The FSB published the testimony by former commandant of the Mogilev fortified area Major General Gottfried von Erdmannsdorff who had surrendered to Soviet troops

MOSCOW, July 17. /TASS/. Russia’s Federal Security Service (FSB) published for the first time a Wehrmacht general’s testimony on how Third Reich Head Adolf Hitler perceived the future of Russia after Nazi Germany’s victory over the Soviet Union.

The FSB published the testimony by former commandant of the Mogilev fortified area Major General Gottfried von Erdmannsdorff who had surrendered to Soviet troops during the Red Army’s largest offensive operation in Byelorussia in the Soviet Union’s 1941-1945 Great Patriotic War against Nazi Germany. The FSB uploaded the German general’s testimony on its website timed for the 80th anniversary of the start of Operation Bagration.

During his questioning in Minsk on December 24, 1945, Erdmannsdorff said that the Fuehrer’s plans were disclosed to German burgomasters by SS Head Heinrich Himmler, the creator of concentration camps and death squads (‘einsatzgruppen’) for the mass murder of civilians on the occupied territories of Eastern Europe and the USSR.

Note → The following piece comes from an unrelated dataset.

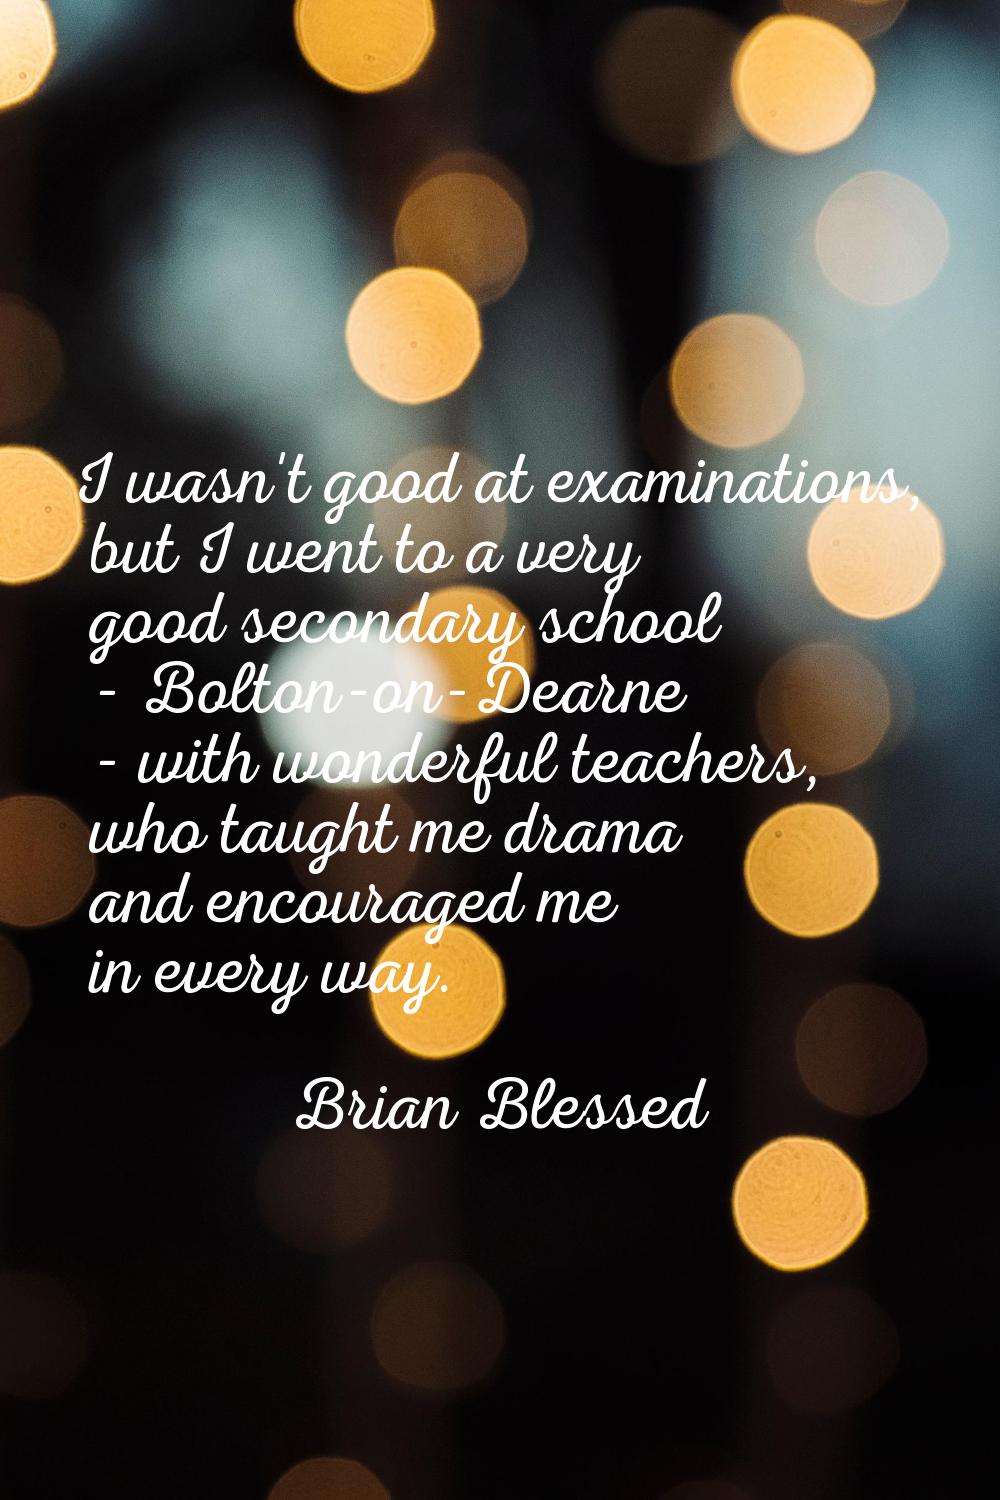 I wasn't good at examinations, but I went to a very good secondary school - Bolton-on-Dearne - with

"According to the Stuttgart burgomaster, Himmler spoke about Hitler’s plans at political classes of burgomasters he held in 1943, which envisaged enslaving Russia up to the Urals, with fortresses to be built for German masters enjoying the rights of feudal lords on the territory of Russia to keep the Soviet people in obedience while the Russian population would work for these masters as slaves deprived of the opportunity to study," Erdmannsdorff said during his questioning in Minsk.

Erdmannsdorff himself implemented another idea by Hitler - the creation of city fortresses on the way of the Soviet Army’s advance. In mid-March 1944, Hitler signed order No. 11, demanding building or turning a whole number of cities into fortresses. Mogilev in Byelorussia was intended to become one of such fortresses. Erdmannsdorff who became commandant of the Mogilev fortified area was even allowed to demolish a part of the city to bolster the defense capability. However, when Red Army units entered the center of Mogilev on June 28, 1944, Erdmannsdorff who had been ordered to hold Mogilev to the bitter end made a decision to surrender.